Bahia Amawi, a speech pathologist who has worked as a contractor in a Texas school district for nine years, received a new contract agreement to sign in September for the upcoming school year.The agreement asked her to affirm that she did not boycott Israel and assert that she would not while working for the school.She declined to sign it. Amawi, an American citizen of Palestinian descent who was born in Austria, said the statements infringed on her principles: her stance on Israel’s treatment of Palestinians and her belief in the First Amendment. So she was forced to stop working with the district.The contract, which stems from a 2017 law passed by the state’s Republican-held legislature and governor that prohibited state agencies from contracting with companies boycotting Israel, is the subject of a lawsuit filed this week by Amawi in federal district court in Austin.
What right should the state have to tell a public schoolteacher what she can and cannot buy, or what policies she cannot advocate? That is un-American. I would feel the same way if a state law forbade teachers from boycotting, or advocating the boycott of, Christian-owned businesses, for whatever reason. It’s not the state’s business, period, full stop.

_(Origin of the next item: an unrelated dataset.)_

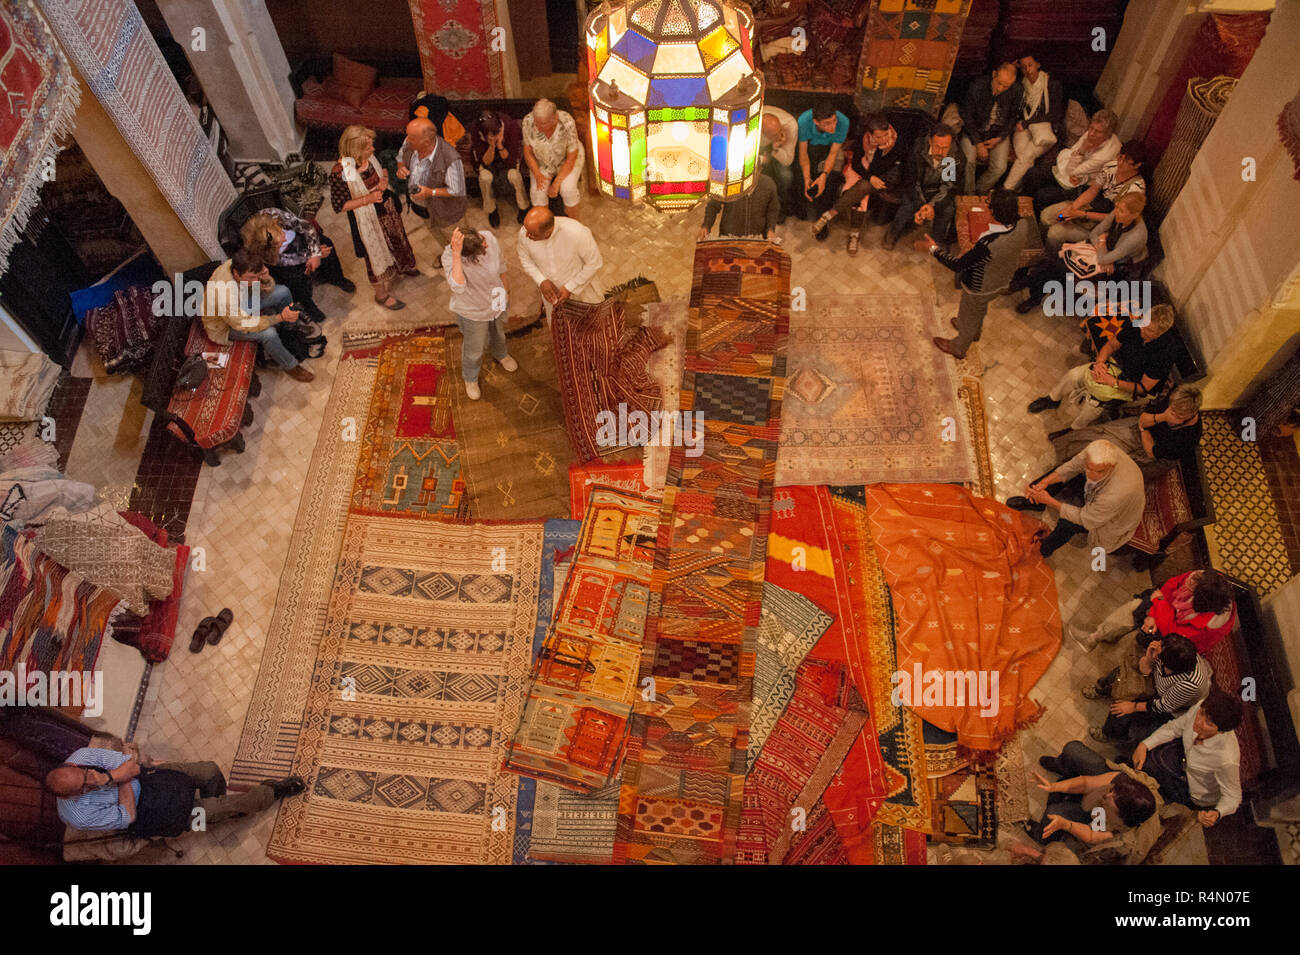 18-04-11. Marrakech, Maroc. Un groupe de touristes participant à une vente à l'une des plus grandes boutiques capret dans la médina. Photographié d'abov Banque D'Images
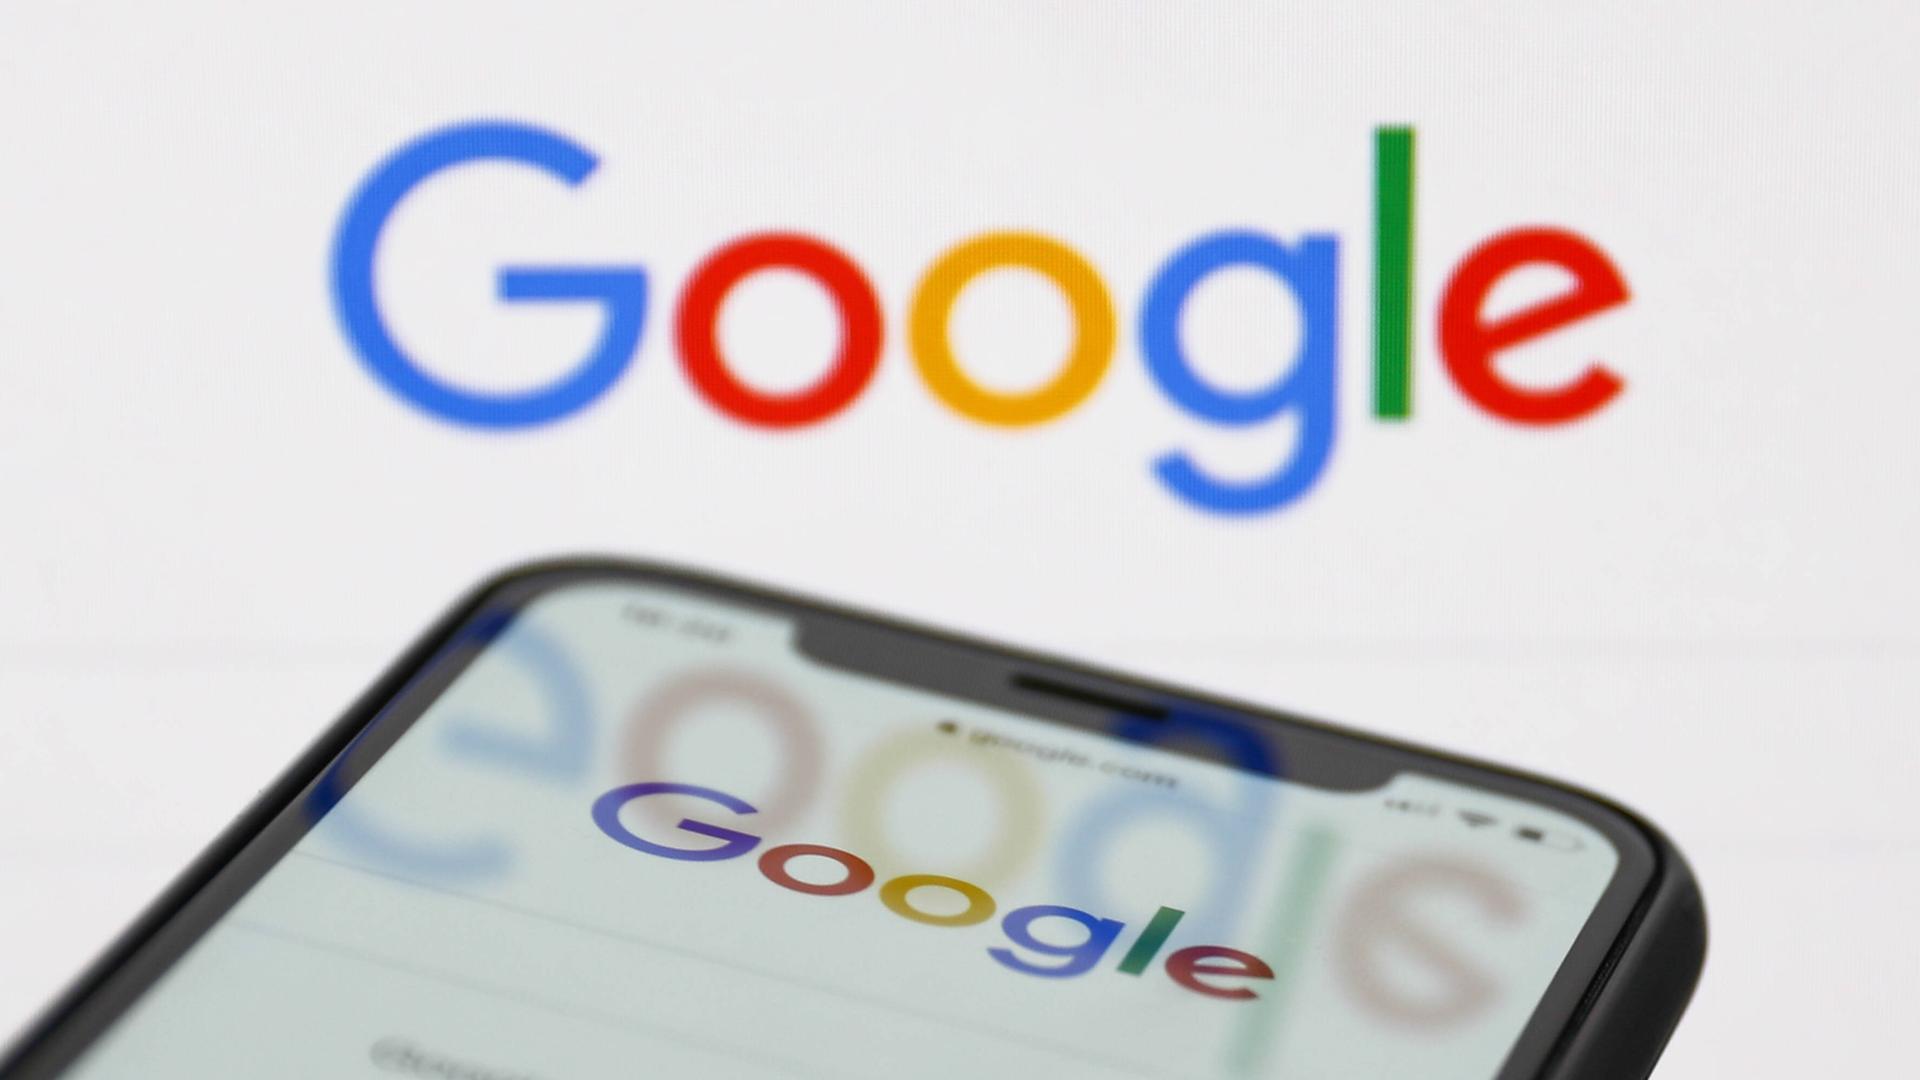 Urteil - Google muss falsche Informationen aus Trefferliste entfernen

Democratic Sen. Ben Cardin is making a behind-the-scenes push to slip an anti-boycott law into a last-minute spending bill being finalized during the lame-duck session, according to four sources familiar with the negotiations.The measure, known as the Israel Anti-Boycott Act, was shelved earlier amid concerns about the infringement of free speech, after civil liberties groups argued that the original version would have allowed criminal penalties for Americans who participate in a political boycott of Israel. Some of the more aggressive elements of the provision have been removed under pressure, but the American Civil Liberties Union, which spearheaded the initial opposition to the bill, is still strongly opposed.In a letter to Congress, the ACLU warned that the amended version still creates unconstitutional restrictions on free speech. “We understand the Senate is considering attaching a revised version of S. 720 to the end-of-the-year omnibus spending bill, and we urge you to oppose its inclusion,” reads a letter dated December 3.
Cardin is advocating a revised version of his bill, after the first one — which seemed to allow Americans to be prosecuted, fined and even jailed for advocating a boycott of Israeli products — was toned down. But groups such as the American Civil Liberties Union still oppose it, arguing that it “leaves intact key provisions which would impose civil and criminal penalties on companies, small business owners, nonprofits, and even people acting on their behalf who engage in or otherwise support certain political boycotts.”